We cast off and set sail upstream, on a journey towards the unknown. Everything about the Mekong seems exotic, so most of the 48 passengers - they include an artist, a policeman and a doctor - spend their first few hours aboard simply watching Vietnam scroll past. The Mekong appears to be a transport super-highway, with a lot of cargo travelling through its lower stretches and into the South China Sea. 

Cruiseco’s chief executive, Steve Lloyd, says this part of the Mekong is where he’s noticed the most change in recent years. Things grow quieter, calmer, the further we push on. There are stops at provincial towns Cai Be and Sa Dec, where we head ashore to dive into local life. At markets we admire the wares of ladies wearing the conical straw hats (non la) that are a quintessential part of the Vietnamese national look. The women sit on low stools selling trays of prawns, fish, octopus and crabs, cooled with blocks of ice. One bowl holds live eels; others showcase three varieties of snail. Home cooks squat to inspect mini-mountains of fruit and vegies, with everything from limes and pineapples to potatoes and tomatoes. They browse buckets of lotus blooms, bunches of bananas and bags of Java apples.

Tourists flock to Sa Dec to see the former home of Huynh Thuy Le, the older man immortalised in Marguerite Duras’s 1984 erotic novel The Lover. The French author’s real-life youthful liaison with the wealthy Chinese heir inspired her prize-winning bestseller. The house’s 1917 facade (which was tacked on to the original 19th-century timber structure) is as ornate as anything you’d see on a Parisian avenue: it’s all elegant archways and balustrades, carved scrolls and leaves. The blooms of black mould mottling the white paint, and courtyard lotus pots framing the scene give away its humid waterside location.

Inside the high-ceilinged three-room house, we’re served tea by a woman wearing a fairy-floss-pink ao dai (long tunic split to the waist) and pants as we sit before a gilded altar to a deity that’s worshipped for power and prosperity. In 1992, The Lover was turned into an R-rated film. Copies of the DVD are given to us during the cruise, to watch in the privacy of our cabins. For the rest of the voyage, the movie and the lead actor’s attributes are a hot topic of conversation over dinners of eastern and western fare, such as crisp river prawns with sticky rice or roast lamb with ratatouille.

Cambodian Crossing

Before leaving Vietnam, we pile into bicycle rickshaws and are pedalled around Tan Chau. We head to factories that make fabric and straw mats, but it’s more fun being part of Vietnam’s road traffic, where cyclists balancing their wares in makeshift baskets mingle with motorbikes carrying families of four or a load of pigs.

Back on the river, we visit a family living in a floating tin shack that doubles as a fish farm.
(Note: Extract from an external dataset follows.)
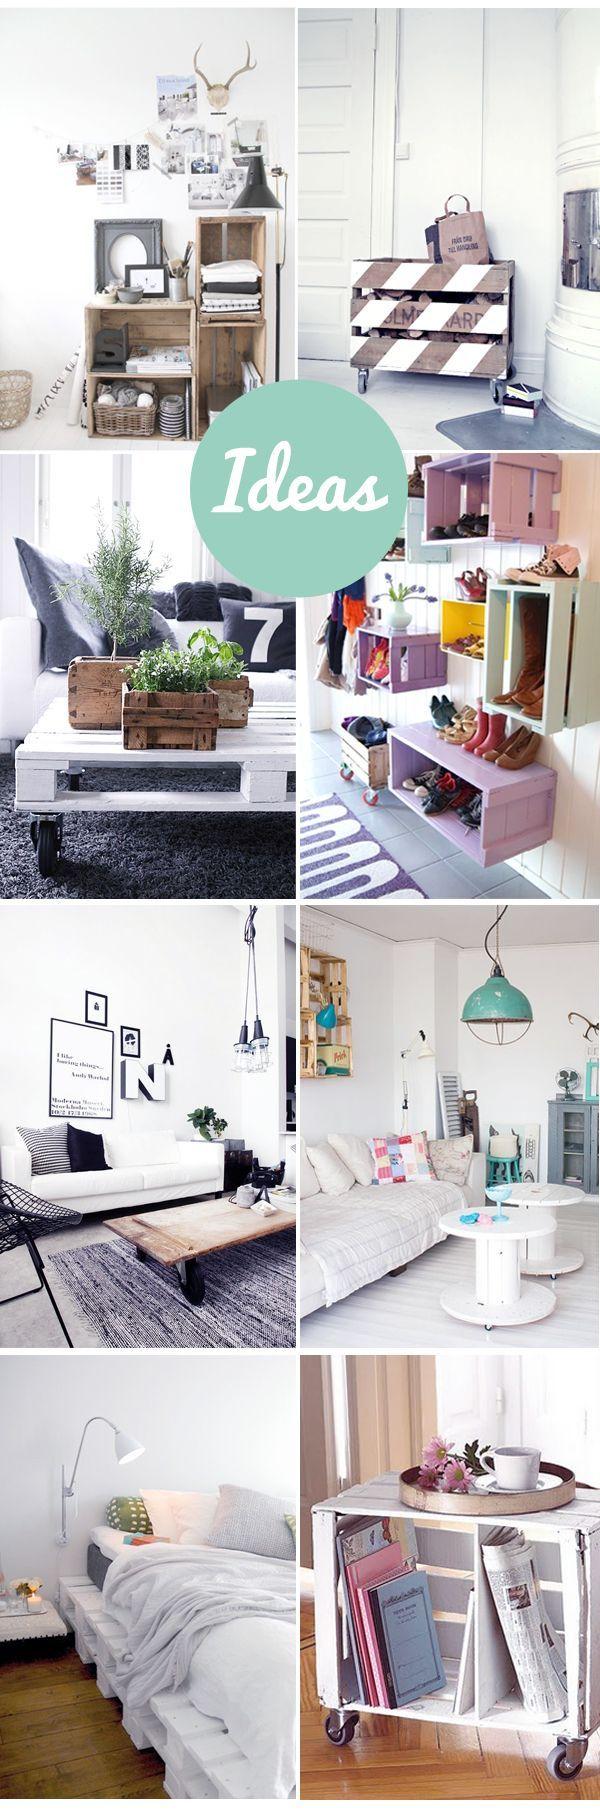 Muebles reciclados con cajas y palets de madera. Qué lindo, algunos de estos quedan perfecto en la oficina.

We gather around an opening cut into the floor to see the tilapia writhing in their pen; I marvel that the kids don’t venture near the platform’s unfenced edges.

To cruise the Mekong is to swing between life’s extremes. From this we cross the border to Cambodia and dock at Phnom Penh. Before we know it, we’re click-clacking over the silver floor tiles of the Silver Pagoda in the Royal Palace complex. The pagoda houses a gold Buddha encrusted with 2086 diamonds. We lunch underneath the canopy of a sprawling tree in the courtyard of Raffles Hotel Le Royal, a landmark that over the years has hosted famous faces such as Somerset Maugham and Jackie Kennedy.

From Phnom Penh, we leave the Mekong to veer up the Tonle Sap River towards Siem Reap. Along the way, we visit a village where the salesmanship of textiles is so intense that it’s a relief to return to the ship. Lloyd says that in some places, villagers have started selling factory-made scarves instead of handmade ones. (His message to those who want to experience the Mekong is to see it now before it changes too much.)

The journey is also filled with simple moments that stay with you. I receive a lesson in Cambodian from the village kids running alongside my oxcart as it bumps along a track above flooded rice paddy fields. Later, as we reboard the Adventurer to be greeted with cold towels and iced tea, the same children gather into a riverbank choir to sing a chorus of If You’re Happy and You Know It.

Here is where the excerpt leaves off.